Task objective
Nothing in the listing should be altered when it is copied, and no picture goes into the copy.

The data
===

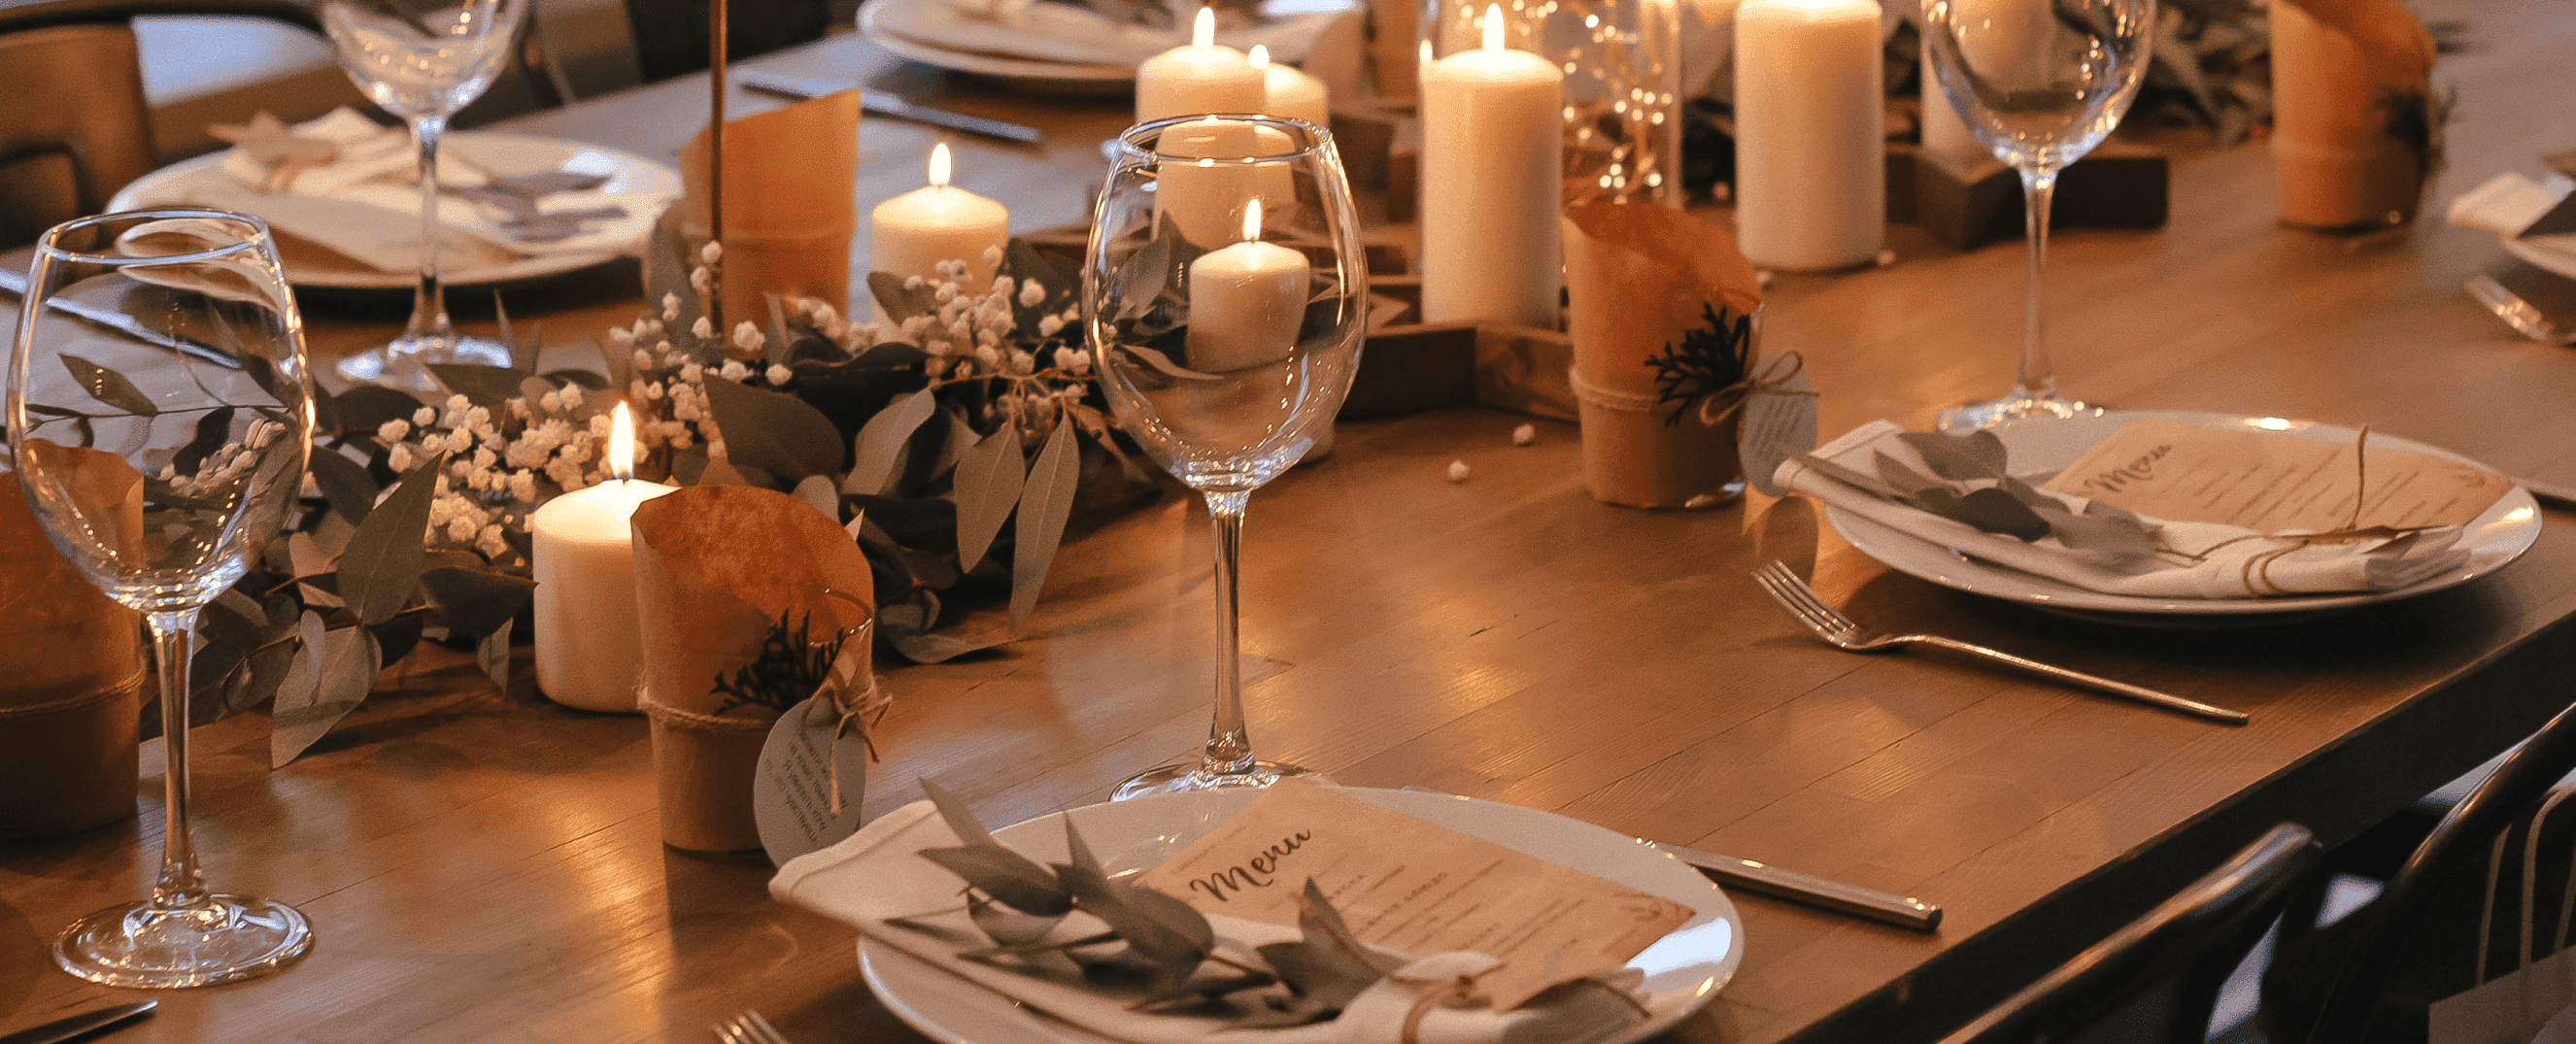 Mesa de jantar decorada Ano Novo com pegada de estilo de vida sustentável
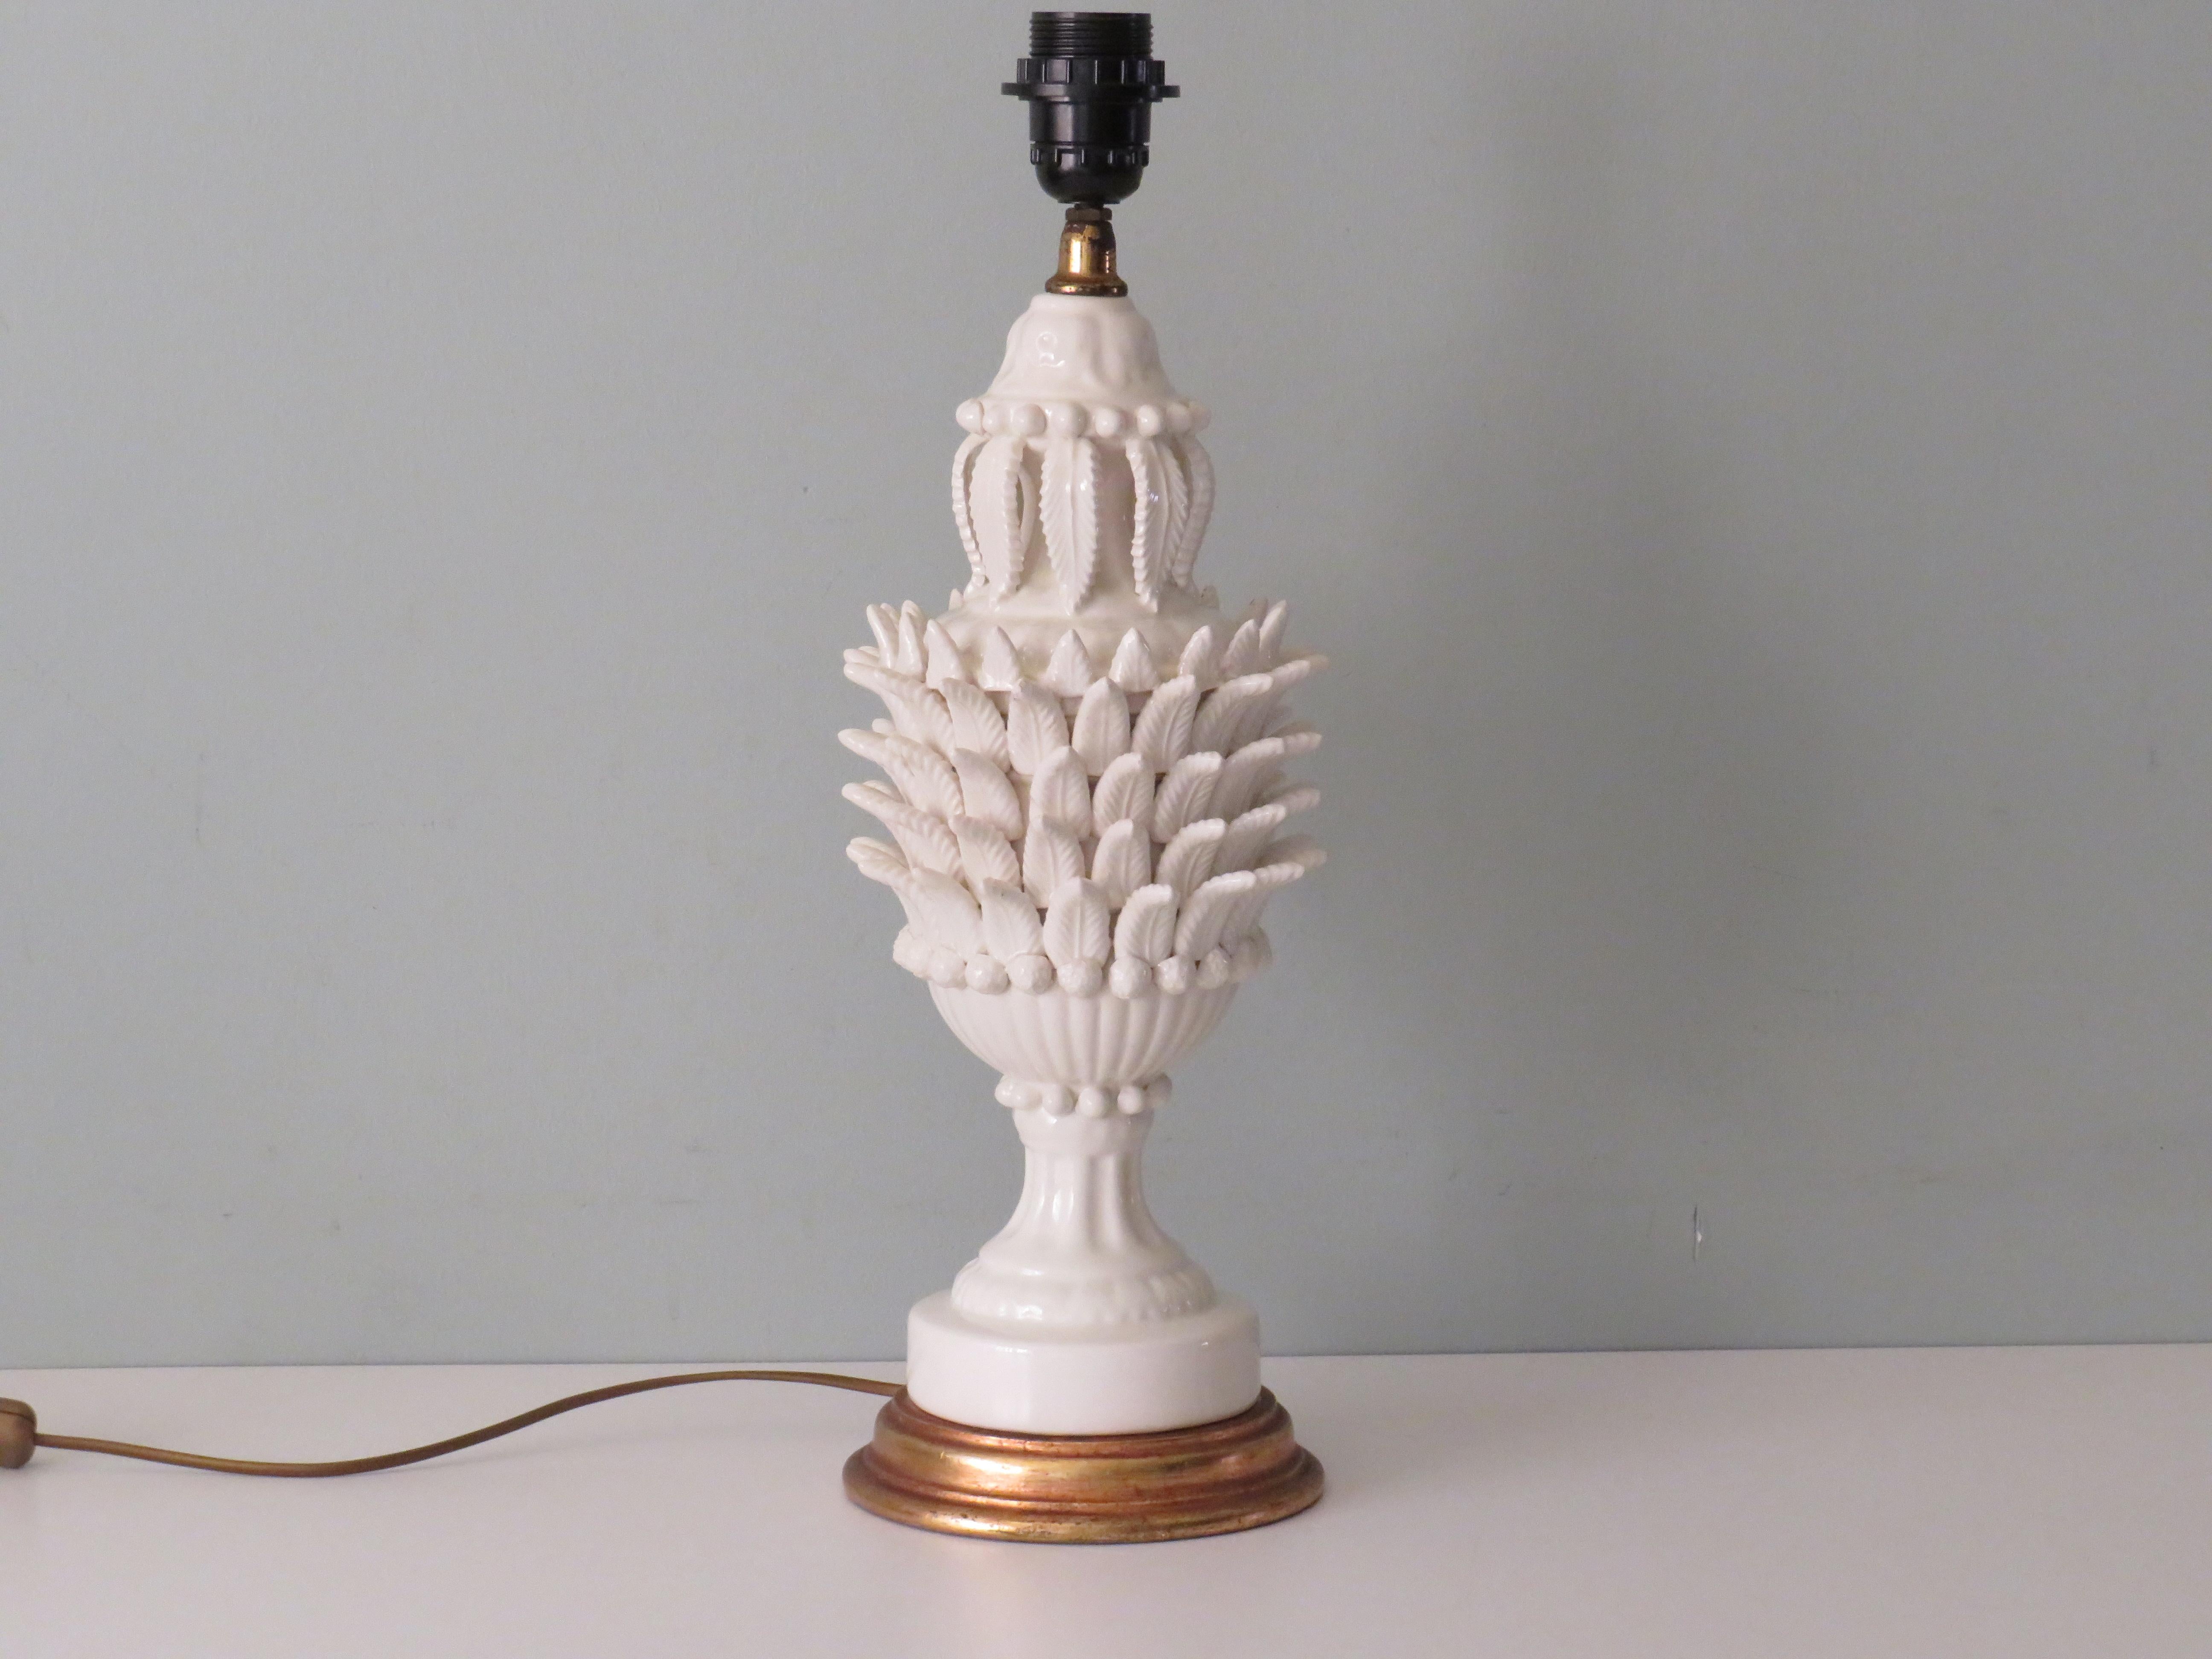 Magnifique pied de lampe détaillé de Bondia Manises en céramique émaillée blanche sur une base en bois doré. 
Mesures : Hauteur : 49 cm max. Diamètre : 15 cm. 
La lampe est dotée d'un raccord E 27 et d'un câblage entièrement doré avec bouton

===

Result of the exercise
 Mesa de jantar decorada Ano Novo com pegada de estilo de vida sustentável
 Magnifique pied de lampe détaillé de Bondia Manises en céramique émaillée blanche sur une base en bois doré. 
Mesures : Hauteur : 49 cm max. Diamètre : 15 cm. 
La lampe est dotée d'un raccord E 27 et d'un câblage entièrement doré avec bouton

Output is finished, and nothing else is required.